Eastern Michigan, Western Michigan vote to combine as Diocese of the Great Lakes

By ENS staff
Posted Mar 18, 2024
Juncture vote

Clergy and lay leaders in the dioceses of Eastern Michigan and Western Michigan attend a special joint convention March 16 to vote for juncture, moving toward a possible merger of the dioceses by the end of the year. Photo: Ryan Prins/Episcopal Dioceses of Eastern and Western Michigan

[Episcopal News Service] The dioceses of Eastern Michigan and Western Michigan voted on March 16 to pursue juncture, a canonical process that would merge the two dioceses and build on a partnership over four years involving ministry collaboration and some shared leadership, including a bishop.

The planned juncture, which now heads for final approval in June by the 81st General Convention, also aims to set the two dioceses on a new path together following tumultuous leadership transitions involving bishop disciplinary cases spanning nearly their entire time as partner dioceses.

At the weekend’s special joint convention, held at St. Christopher’s Episcopal Church in Grand Blanc, the votes in the two dioceses were overwhelmingly in favor of the juncture – 85% yes in the Diocese of Eastern Michigan and 82% in favor in the Diocese of Western Michigan.

The canonical process of “juncture” applies when two dioceses have not previously been a single diocese together. If the juncture is approved by bishops and deputies when they gather for General Convention in Louisville, Kentucky, the first convention of the newly created Diocese of the Great Lakes would be scheduled for October in Mount Pleasant, Michigan. Its business is expected to include the adoption of a new constitution and canons and elections to leadership bodies.

Eastern Michigan, based in Saginaw, and Western Michigan, based in Grand Rapids, are two of four Episcopal dioceses in the state. The Diocese of Michigan includes Detroit and the southeastern region of the state, while the Diocese of Northern Michigan encompasses the state’s more remote and sparsely populated Upper Peninsula.

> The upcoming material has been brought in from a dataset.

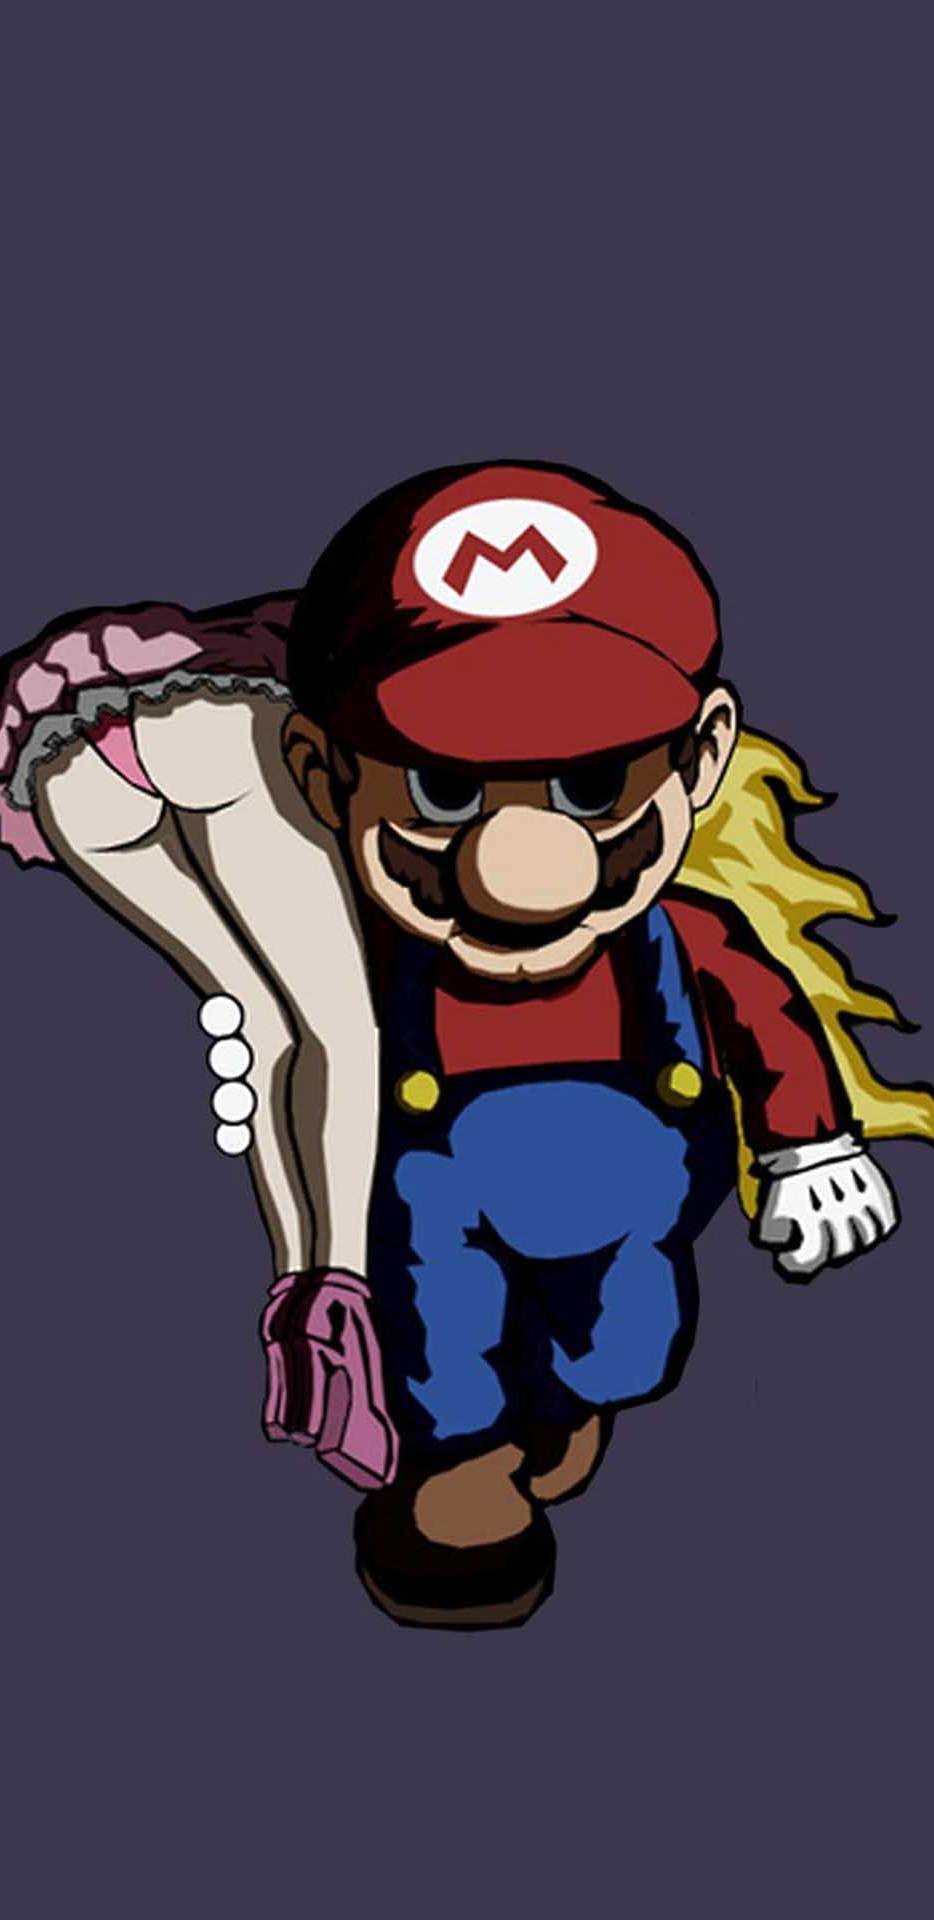 Mario feels like a bo$$ - meme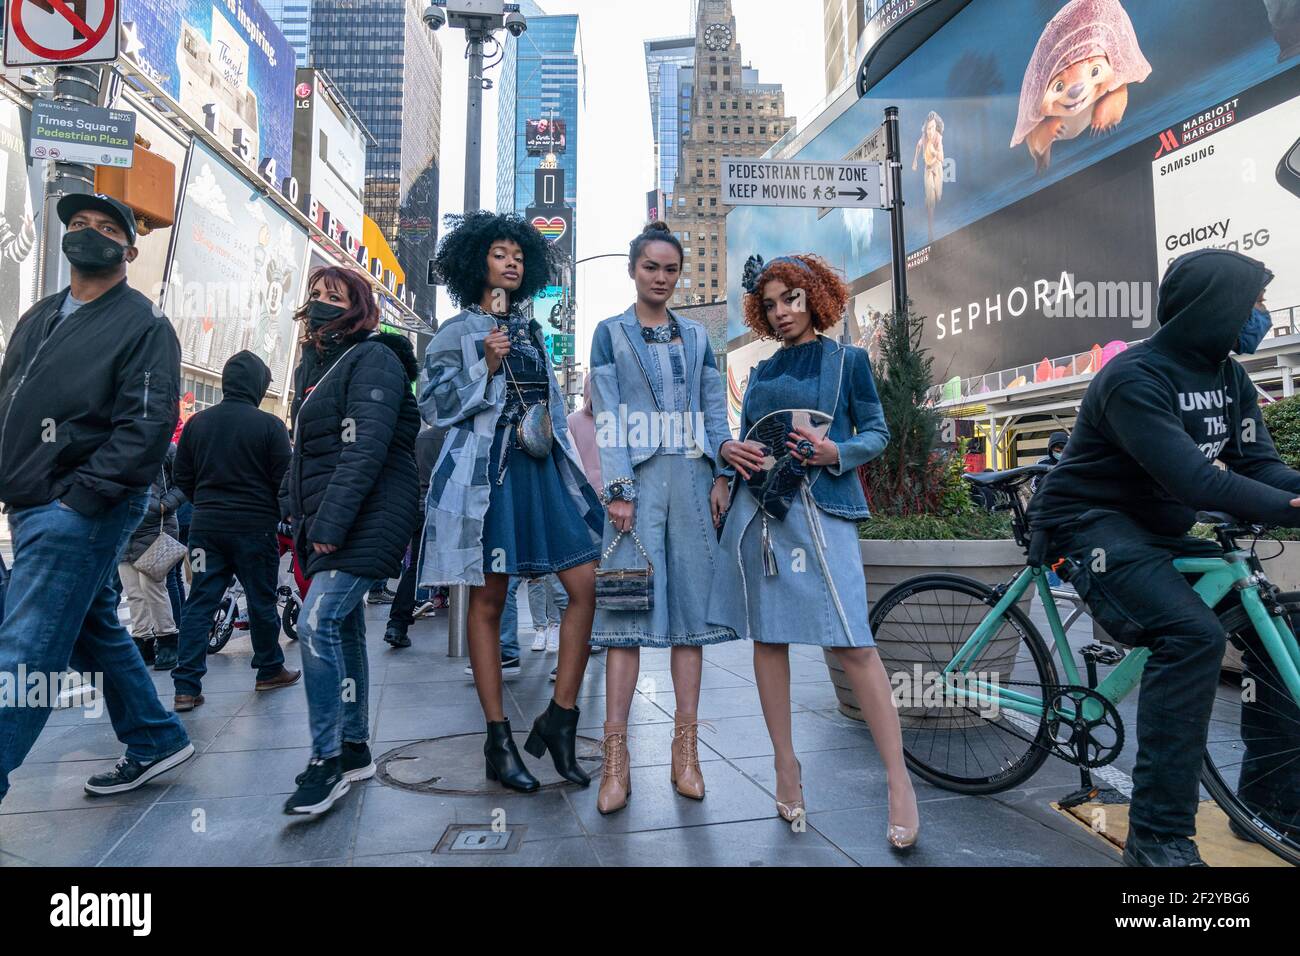 Nueva York, NY - 13 de marzo de 2021: Marina Gil-Lemesheva presenta su  diseño de moda y accesorios en Times Square mientras protesta por Breonna  Taylor se desarrolla en el fondo Fotografía

Western Michigan was founded in 1874 after separating from the Diocese of Michigan, while Eastern Michigan separated from the Diocese of Michigan in 1995. Eastern Michigan has not had a diocesan bishop since 2017, when the Rt. Rev. Todd Ousley resigned to join the presiding bishop’s staff as head of the Office of Pastoral Development.

In October 2019, the two dioceses voted at their conventions to establish a formal partnership that included sharing Western Michigan Bishop Whayne Hougland Jr., who was elected bishop provisional of Eastern Michigan. Hougland, however, was suspended for one year in June 2020 after admitting to an extramarital affair. A year later, the two dioceses announced they had chosen not to welcome him back as their bishop.

Instead, they sought a new bishop provisional and elected the Rt. Rev. Prince Singh to that role in October 2021. Singh, formerly bishop of New York’s Diocese of Rochester, began serving the two Michigan dioceses in February 2022 but resigned in September 2023 to face allegations of domestic abuse from his ex-wife and two adult sons under the church’s Title IV disciplinary canons for clergy.

Retired Bishop Skip Adams agreed in November 2023 to serve Eastern Michigan and Western Michigan in the interim as an assisting bishop as the dioceses work toward juncture.